The listing below is to be written out word for word, minus its images.

• COLLECTED MATERIAL:
[Start of Attachment]

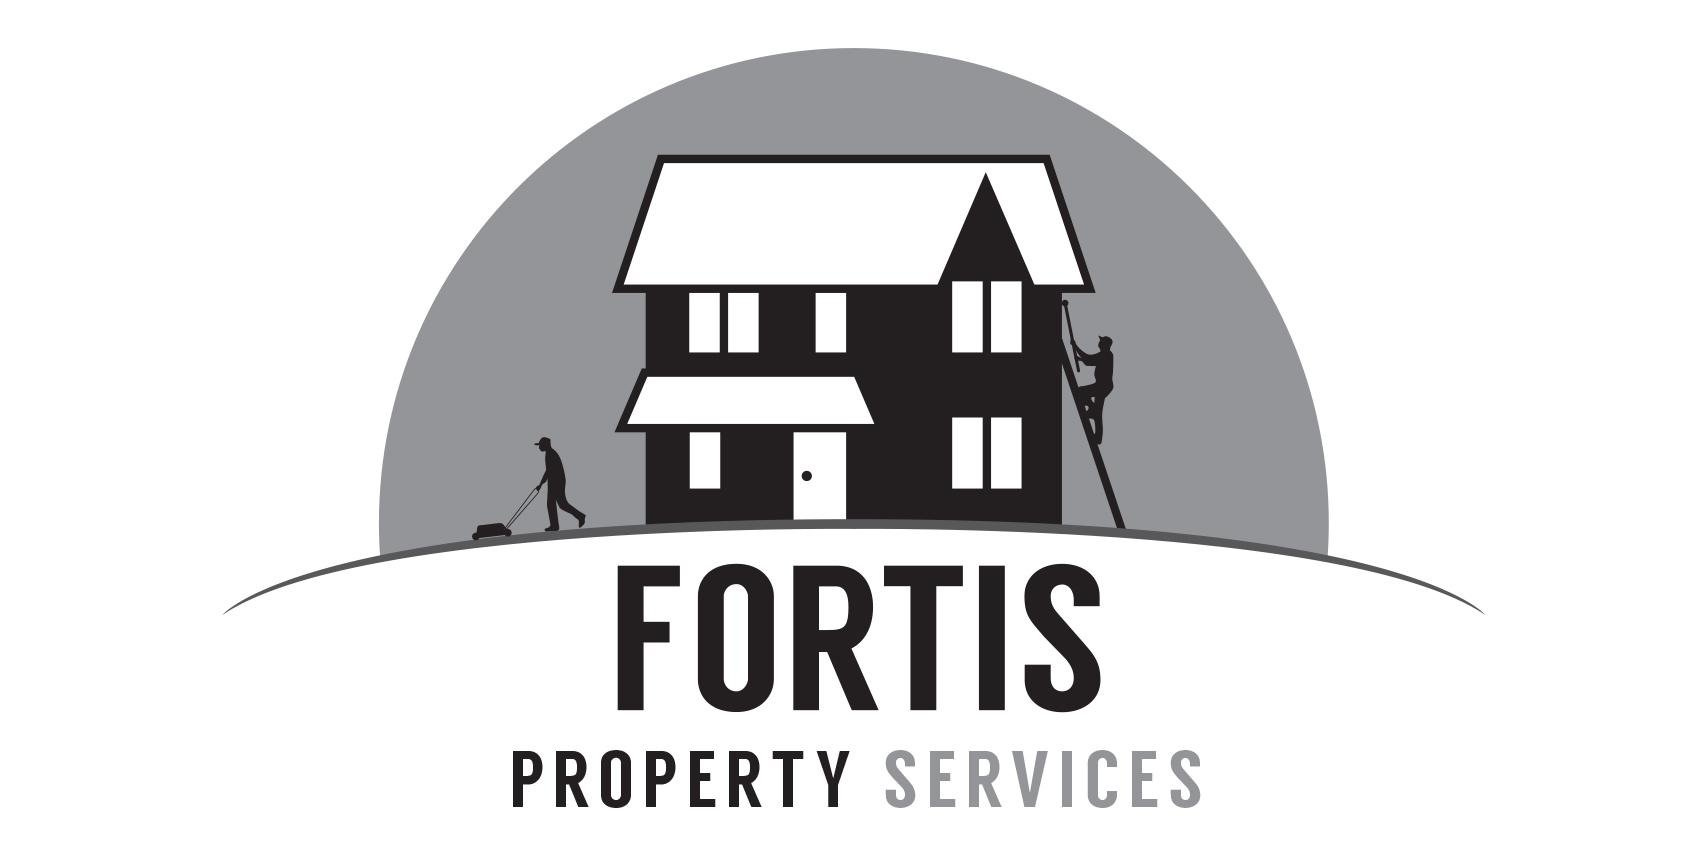 Fortis Property Services Logo alternative black & white
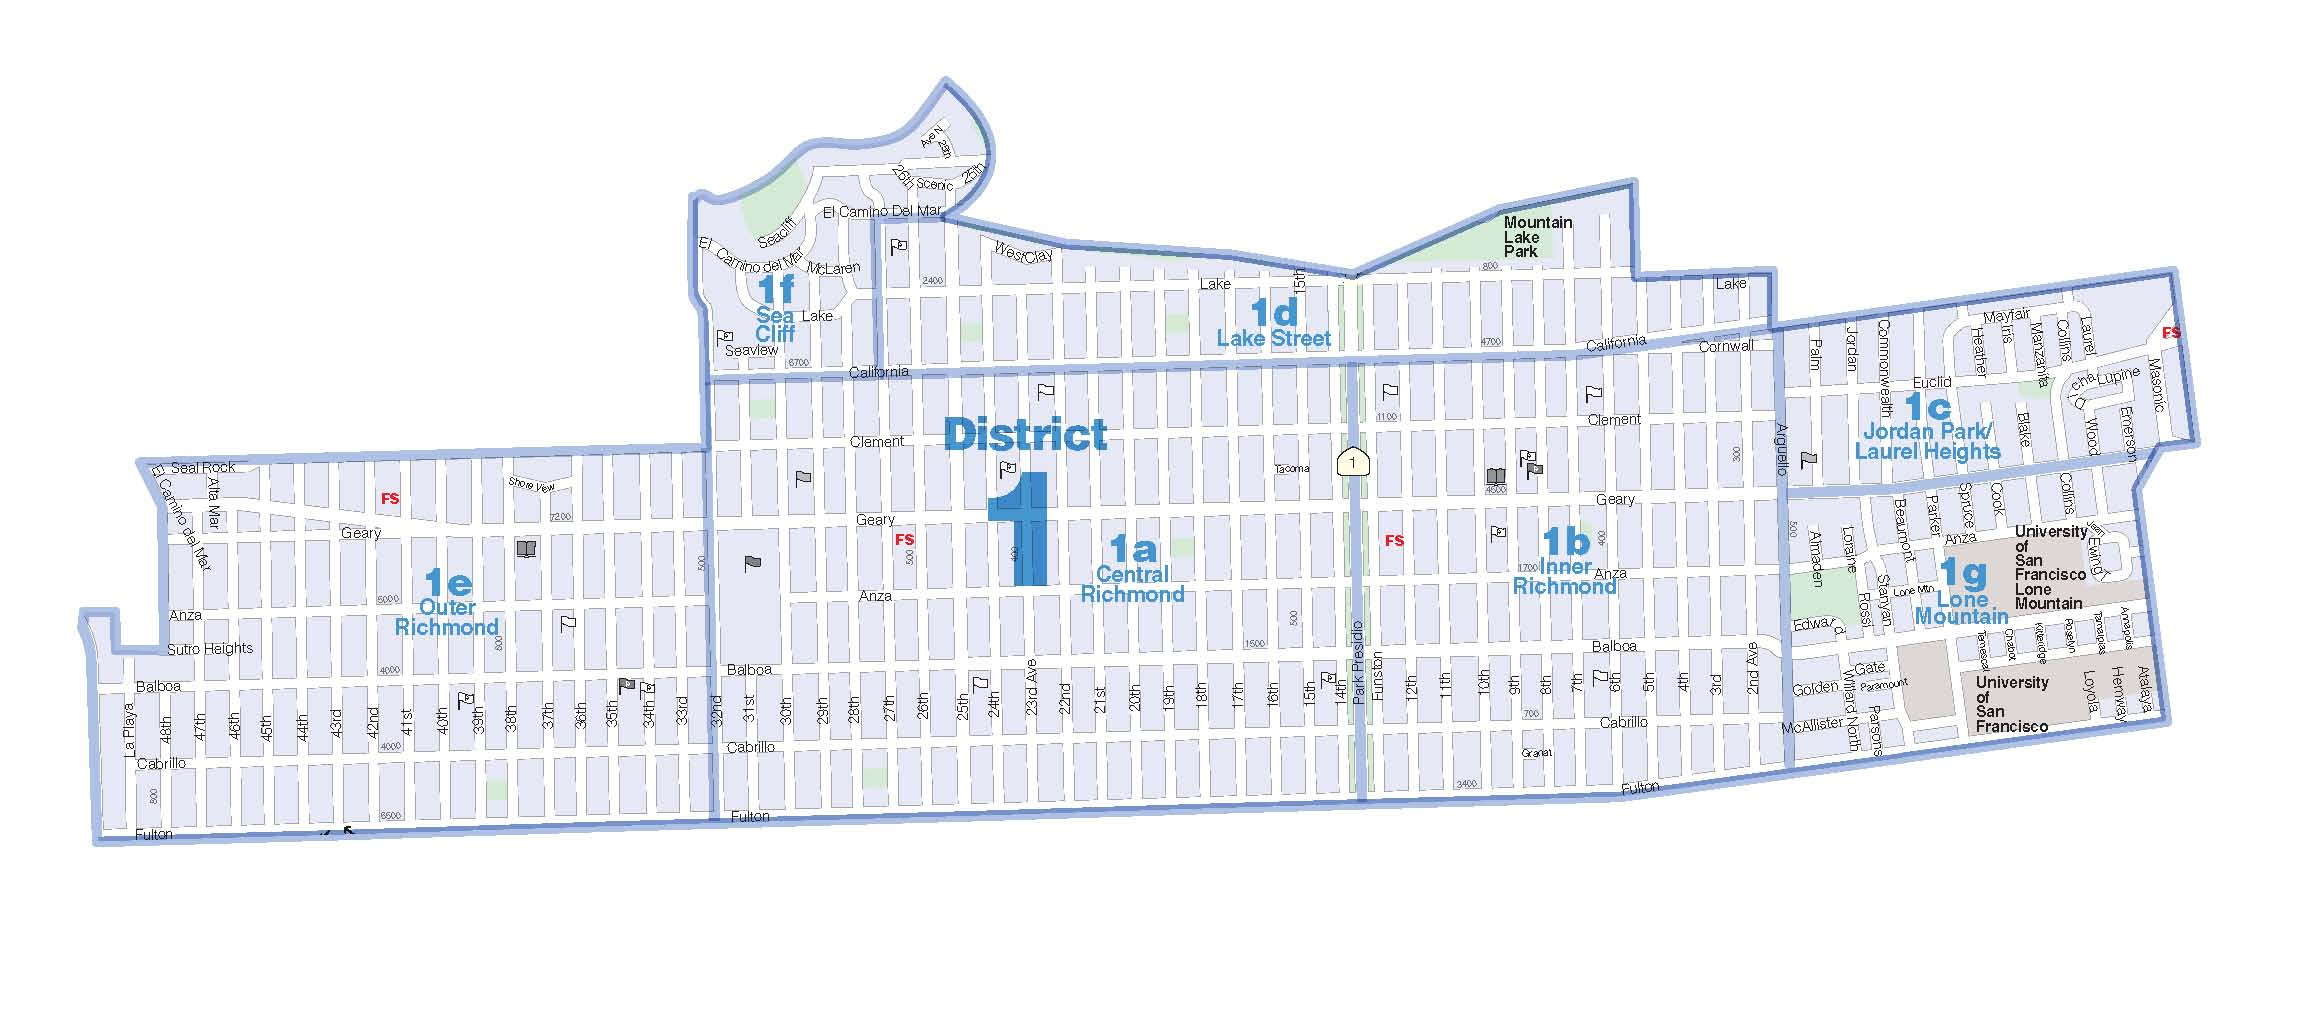 District 1 - Northwest  Sea Cliff, Lake, Jordan Park/Laurel Heights, Outer Richmond, Central Richmond, Inner Richmond, Lone Mountain
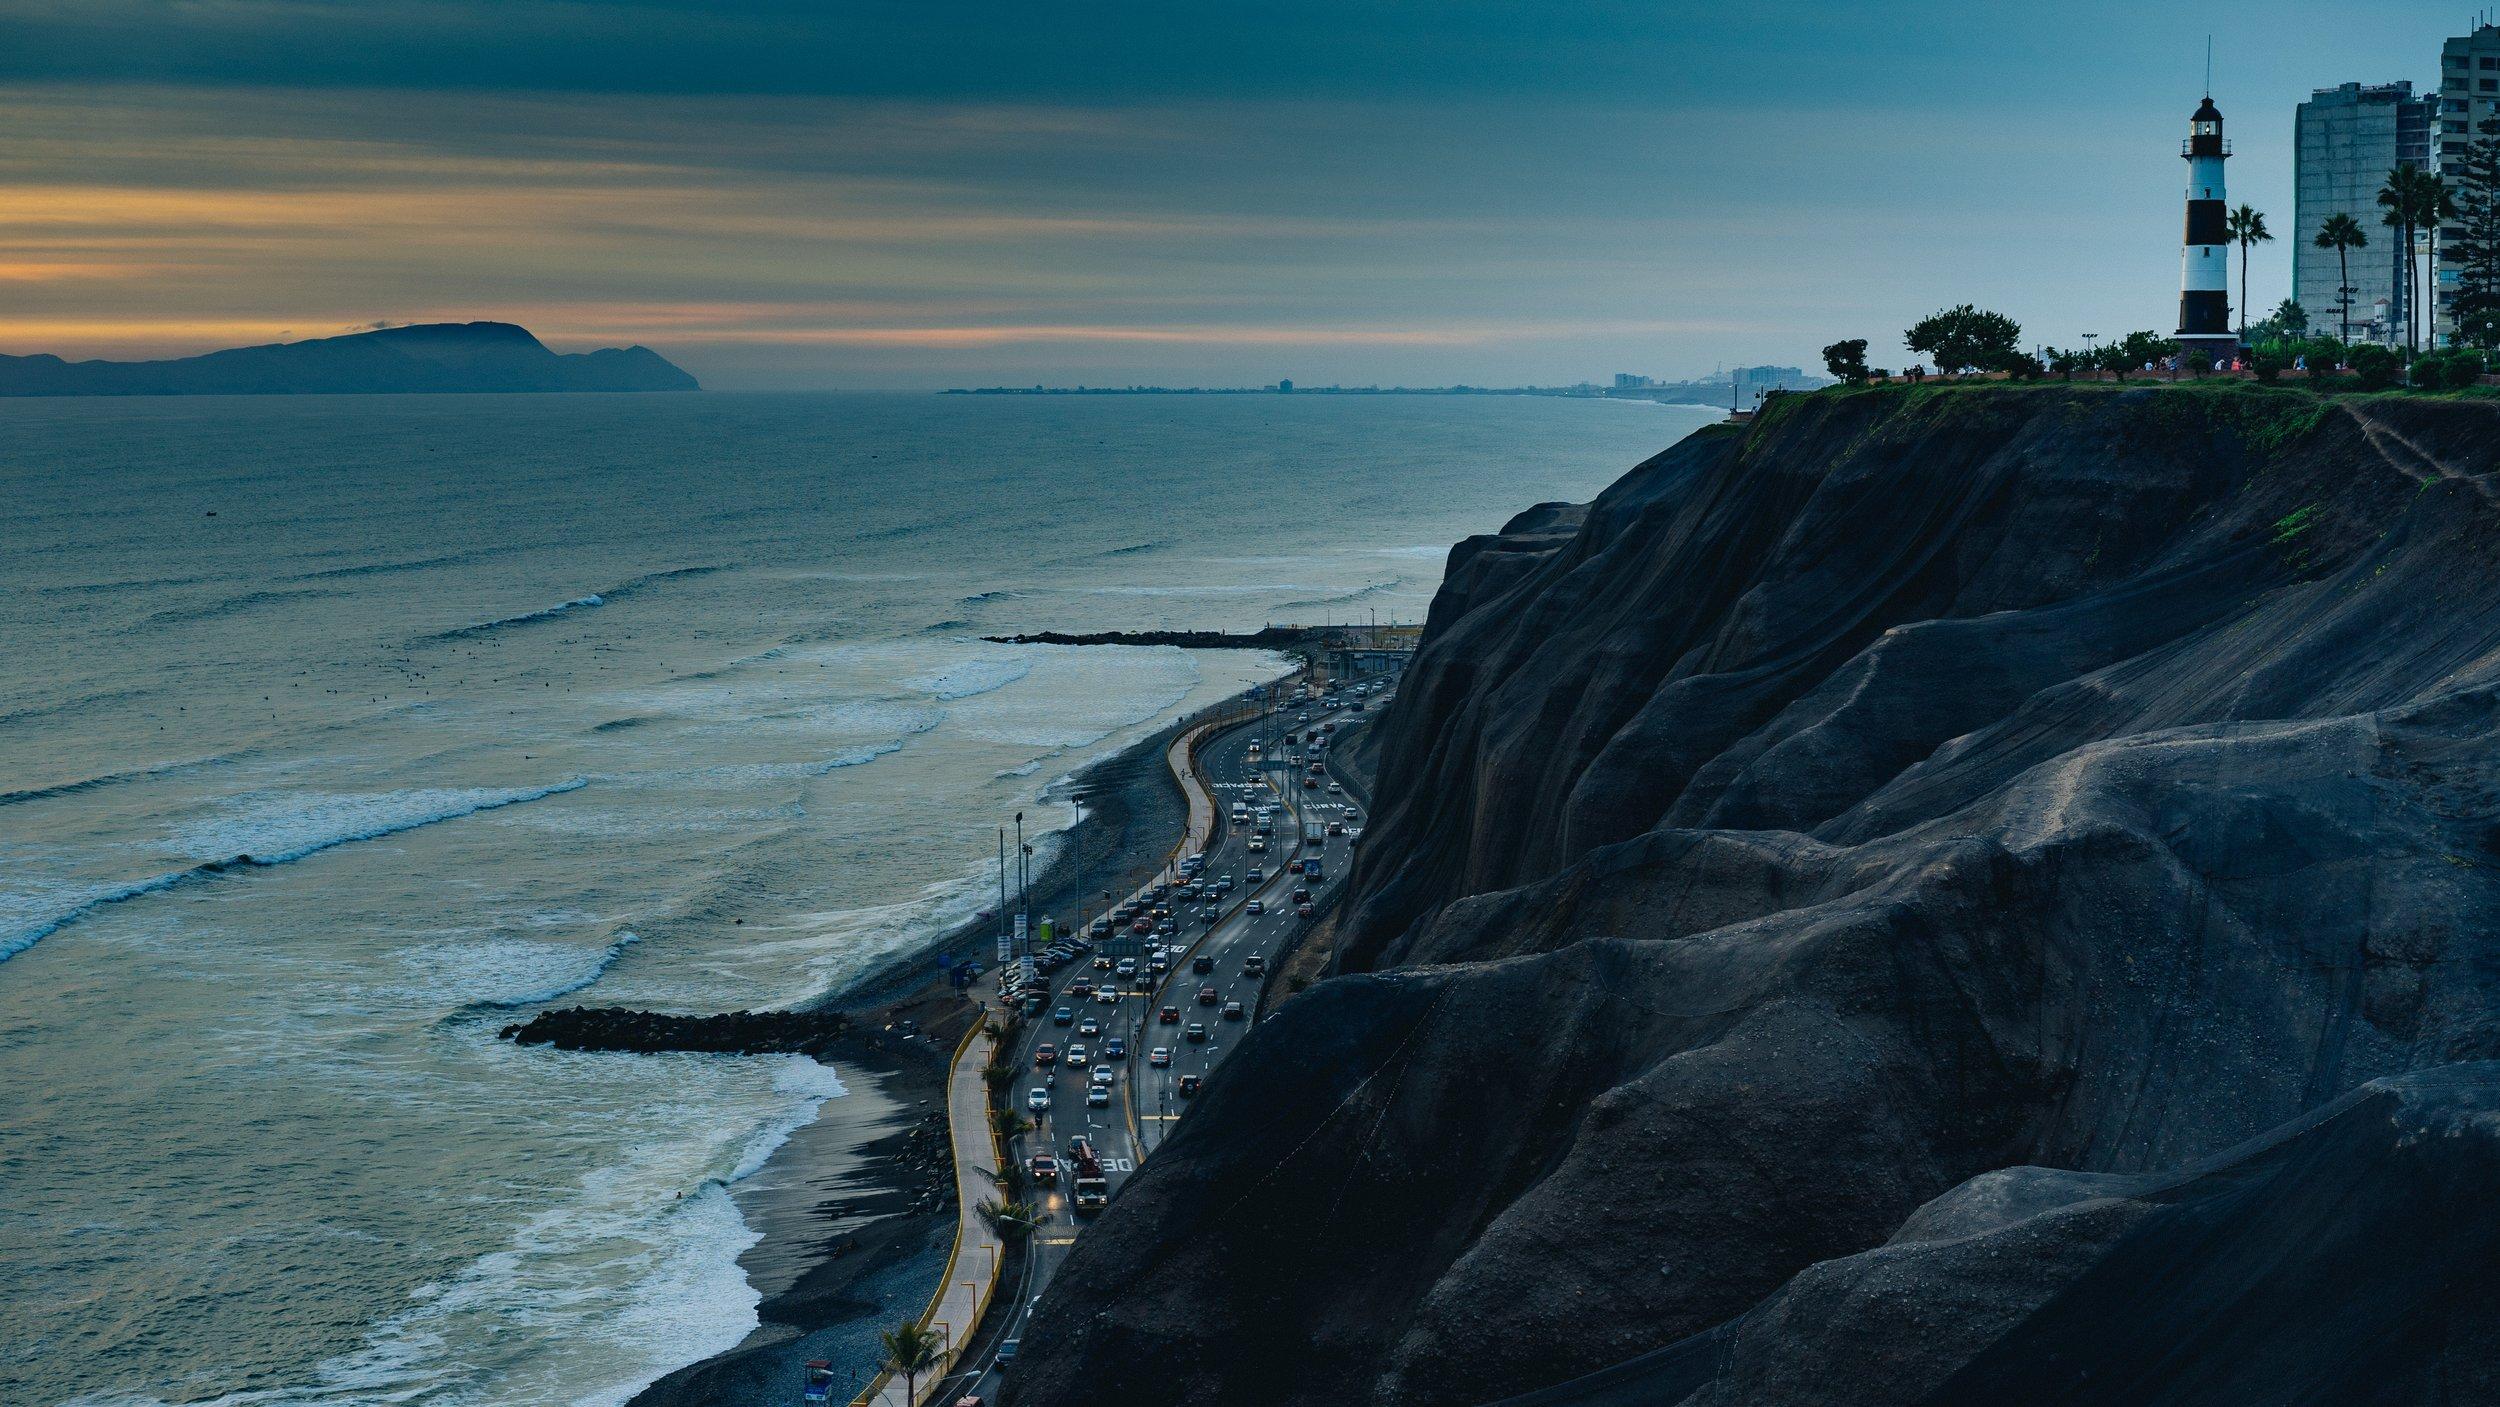 Copy of Lima - Peru EdOdyssey (Miraflores)
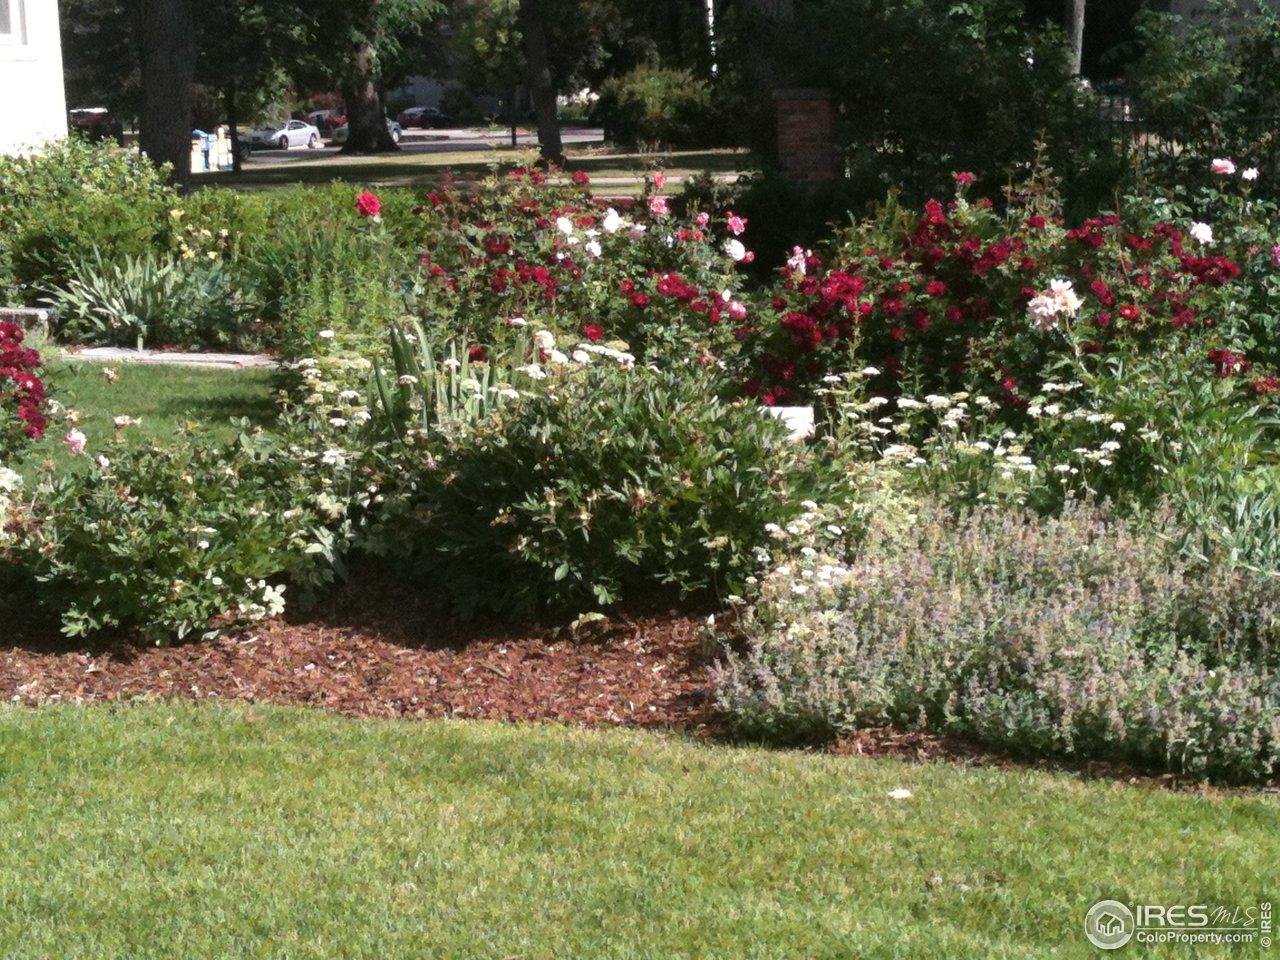 Historic Rose Garden

[End of Attachment]

• EXERCISE RESULT:
 Fortis Property Services Logo alternative black & white
 District 1 - Northwest  Sea Cliff, Lake, Jordan Park/Laurel Heights, Outer Richmond, Central Richmond, Inner Richmond, Lone Mountain
 Copy of Lima - Peru EdOdyssey (Miraflores)
 Historic Rose Garden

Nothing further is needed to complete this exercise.